Systematic reviews of the literature are different from meta-analyses of individual patient data. The first approach is only based on fully published studies and provides an exhaustive and critical analysis of the topic with a methodology based on the criteria of Mulrow (1987) and with data aggregation when possible. The second approach is a new study taking into account all performed trials on the topic, published or not, requiring individual data update by the investigators. Our review thus took into account only fully published studies. We did not look for unpublished trials and abstracts because our methodology requires data available in full publications only. In addition, our review deals with prognostic factors studies and, as they are more often retrospective, it is much more difficult to identify unpublished data than for prospective clinical trials data.

As already highlighted in our previous meta-analyses, other potential biases such as language bias or problem in the method of extrapolation of the HR must also be considered (Steels et al, 2001; Meert et al, 2002a, 2002b).

Why c-erbB-2 overexpression could confer a worse prognosis in NSCLC is not known, especially as it is not related to disease extension and histological subtype. There are some hypotheses with respect to this. c-erbB-2 overexpression regulates cell adhesion and invasive growth of cancer through its association with the cadherin–catenin complex (Ochiai et al, 1994) and is associated with increased migratory capacity (Bernstein et al, 1994). The coexpression of c-erbB-2 with the EGF-R seems to be more frequent in patients with metastases and seems to be associated with inferior survival (Tateishi et al, 1994). Moreover, c-erbB-2 overexpression defined a subgroup of node-negative patients with low angiogenesis and prognosis similar to patients bearing high angiogenesis (Giatromanolaki et al, 1996b), supporting the idea that c-erbB-2 expression is a mechanism activated in NSCLC to enable cancer cell migration in tumours with poor vasculature. The potential worse prognosis of NSCLC that express c-erbB-2 is potentially important for prognostic reasons and treatment purposes in addition to improving our understanding of lung cancer biology. Identification of prognostic factors allows defining high-risk groups of patients for whom specific therapy might be necessary, or a stratification has to be performed in controlled trials. Moreover, c-erbB-2 might be a potential therapeutic target and its expression may be linked to a chemoresistant phenotype in NSCLC (Tsai et al, 1996). Actually, trastuzumab (HerceptinR), a humanised monoclonal antibody that recognises the HER-2/Neu protein receptor, is under investigation for the treatment of lung cancers overexpressing HER-2/Neu, but the choice of the method of detection and the level of Her-2/Neu expression required to obtain a potential therapeutic effect from trastuzumab therapy have not yet been established in lung cancer.

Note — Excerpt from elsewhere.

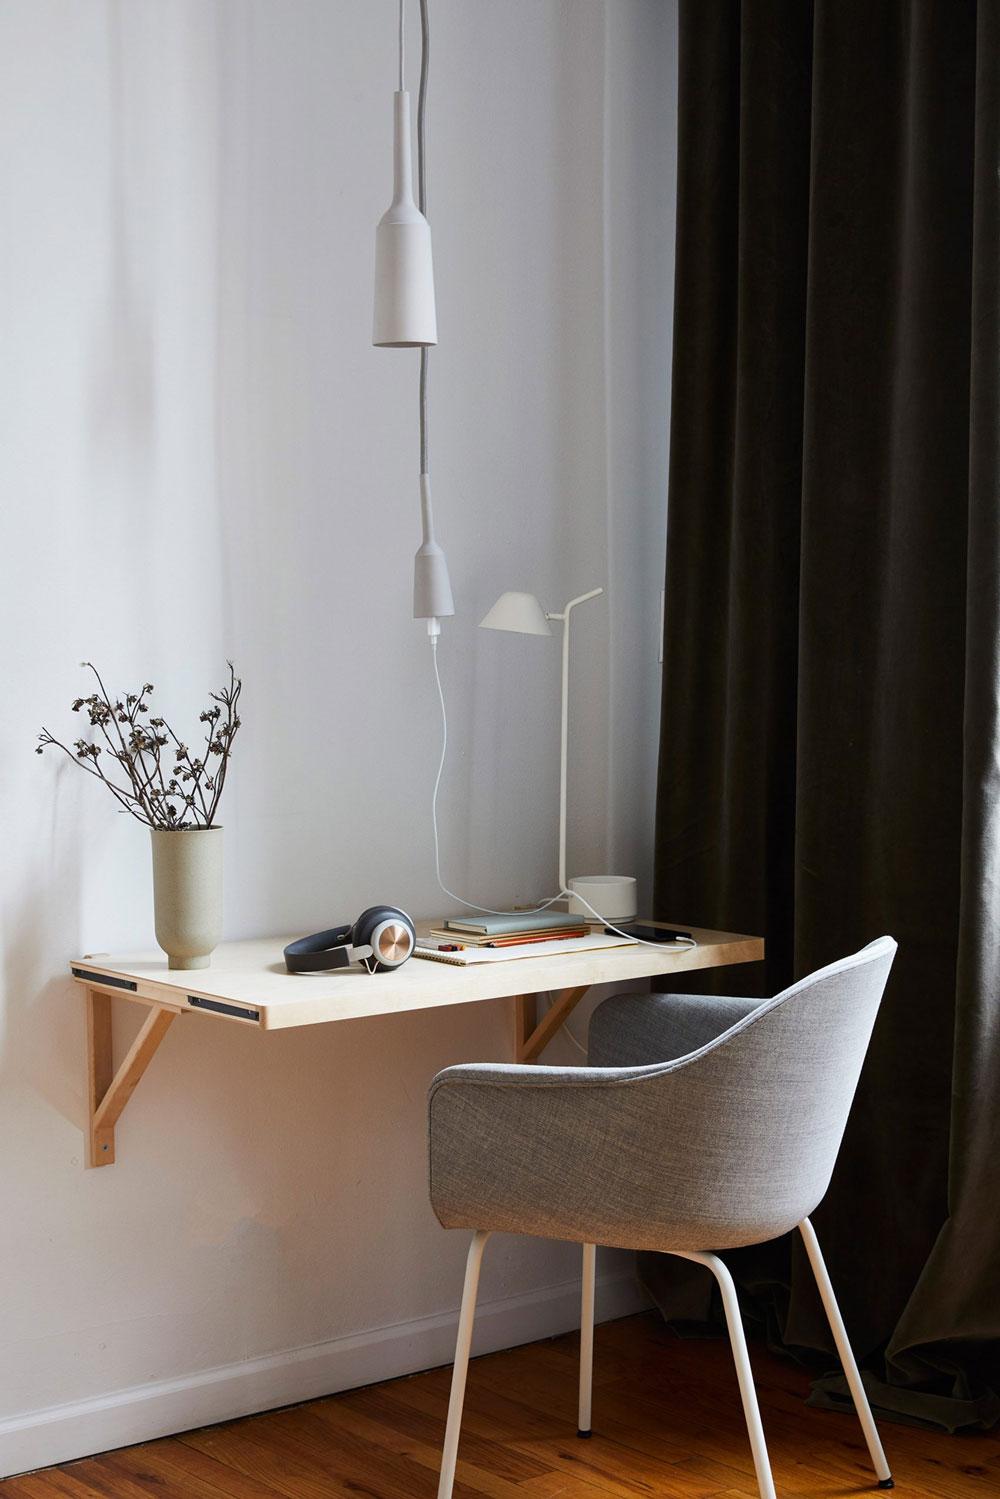 Danish brand menu opens showroom in new york city nordicdesign for Interior designers in new york city

In conclusion, HER-2/neu expression in NSCLC could be a bad prognostic factor in NSCLC, but assessment of c-erbB-2 expression in lung cancer presents several difficulties: the immunohistochemical techniques used to detect its expression and the criteria of positivity varying among institutions. There is, in the literature, a bias favouring the significant studies where the results are described better. Our meta-analysis needs to be confirmed by an adequately designed prospective study in an appropriate multivariate analysis setting taking into account the classical well-defined prognostic factors for lung cancer.